#include<iostream>
#include<algorithm>
#include<vector>
using namespace std;
int main()
{
long long n ; //floors
long long m ; //letters
cin>>n;
cin>>m;
long long total = 0;
vector<long long >a;
for(long long i = 0 ; i<n;i++)
{
long long k;
cin>>k;
total += k;
a.push_back(total);
}
//cin>>m;
vector<long long>b;
for(int i = 0 ; i<m;i++)
{
long long k ;
cin>>k;
b.push_back(k);
}
for(long long i = 0 ; i<m ; i++)
{
long long letter = b[i];
auto f = lower_bound(a.begin() , a.end() , letter) - a.begin();
vector<long long>c;
long long j = (f == 0)?1:a[f-1];
while(j<=a[f])
{
c.push_back(j);
++j;
}
auto r = lower_bound(c.begin() , c.end() , letter) - c.begin();
if(letter<=10)
cout<<f+1<<" "<<r+1<<"\n";
else
cout<<f+1<<" "<<r<<"\n";
}
}
THIS IS MY code but it is having MEMORY LIMIT EXCEEDED
pls guys give a detailed solution code.And also say what is wrong in my code
It gets MLE because you use too much memory.
a[1]
from your code can already be up to $$$10^{10}$$$, and then you make a vectorc
of that length?Also: study how time complexity works. It is an incredibly powerful tool and avoids 98% of TLEs and MLEs.

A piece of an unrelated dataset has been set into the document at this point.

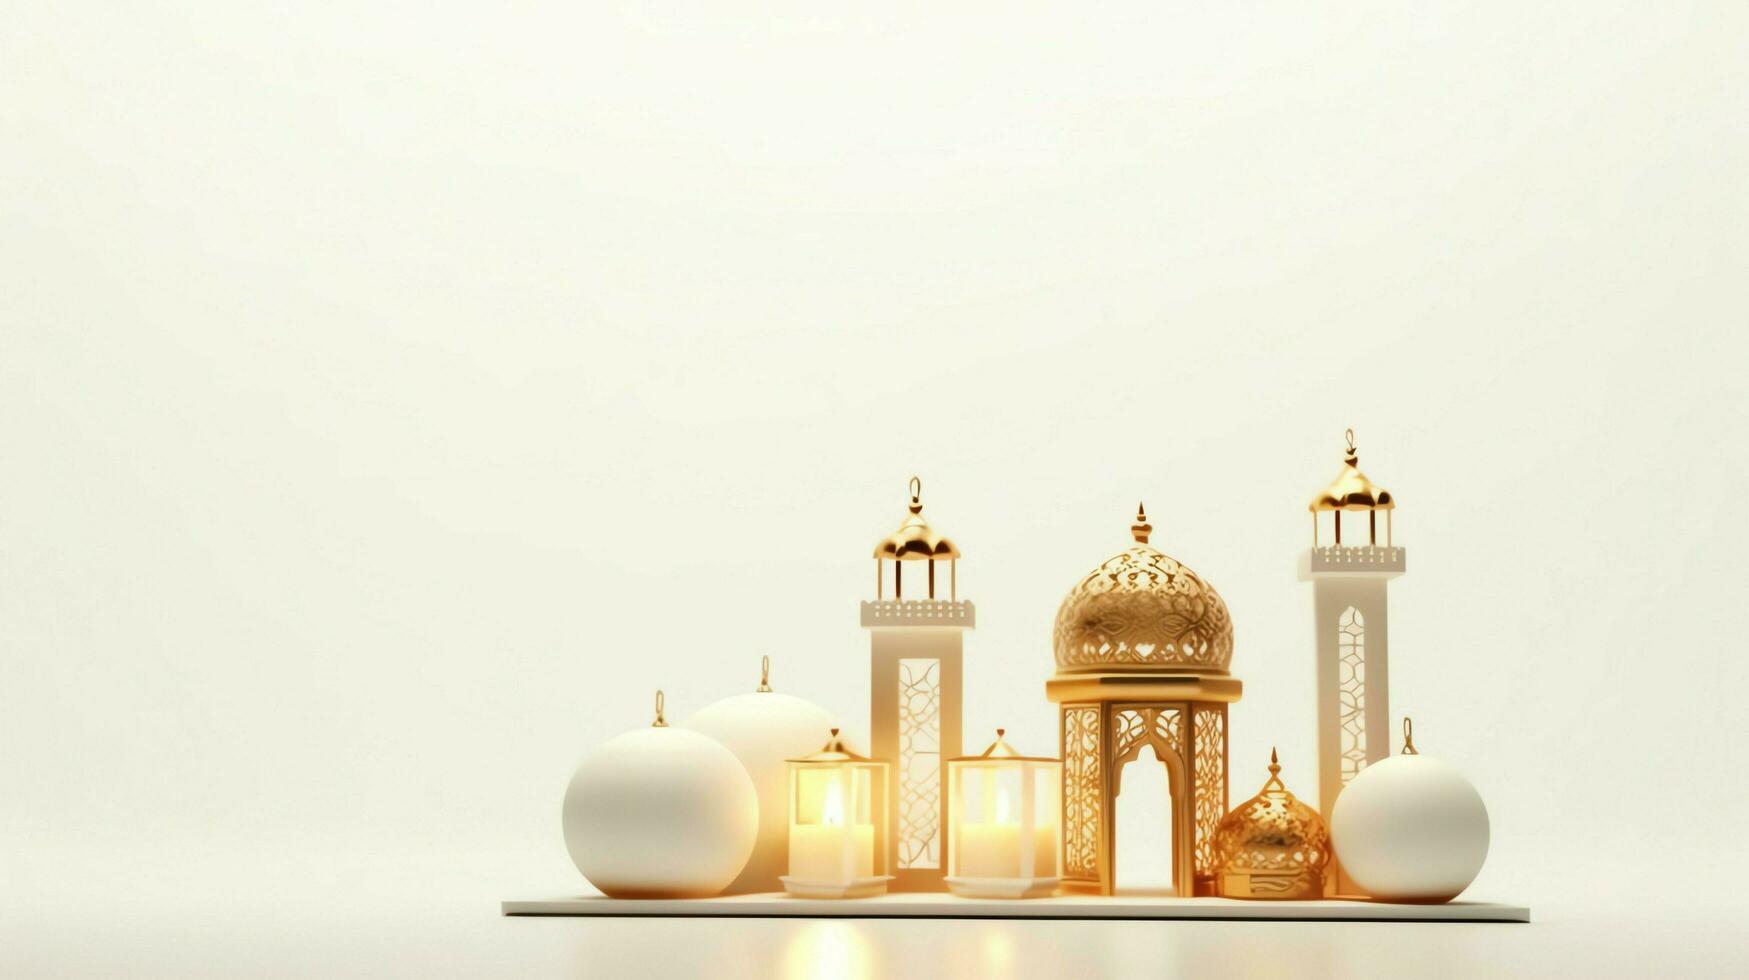 eid Mubarak e Ramadã kareem saudações com islâmico lanterna e mesquita. eid al fitr fundo. eid al fitr fundo do janela conceito de ai gerado foto

pls suggest any good resource for understanding time complexities
here
Here's my submission: 93175307
I basically did prefix sums on the first array and then used binary search to find the element in the array. Once I did that, if binary search returned the first element of the array I just printed the number of letters given in that query otherwise I subtracted a[i-1] from the given number of letters.
You should definitely check out the editorial, it's easy to understand.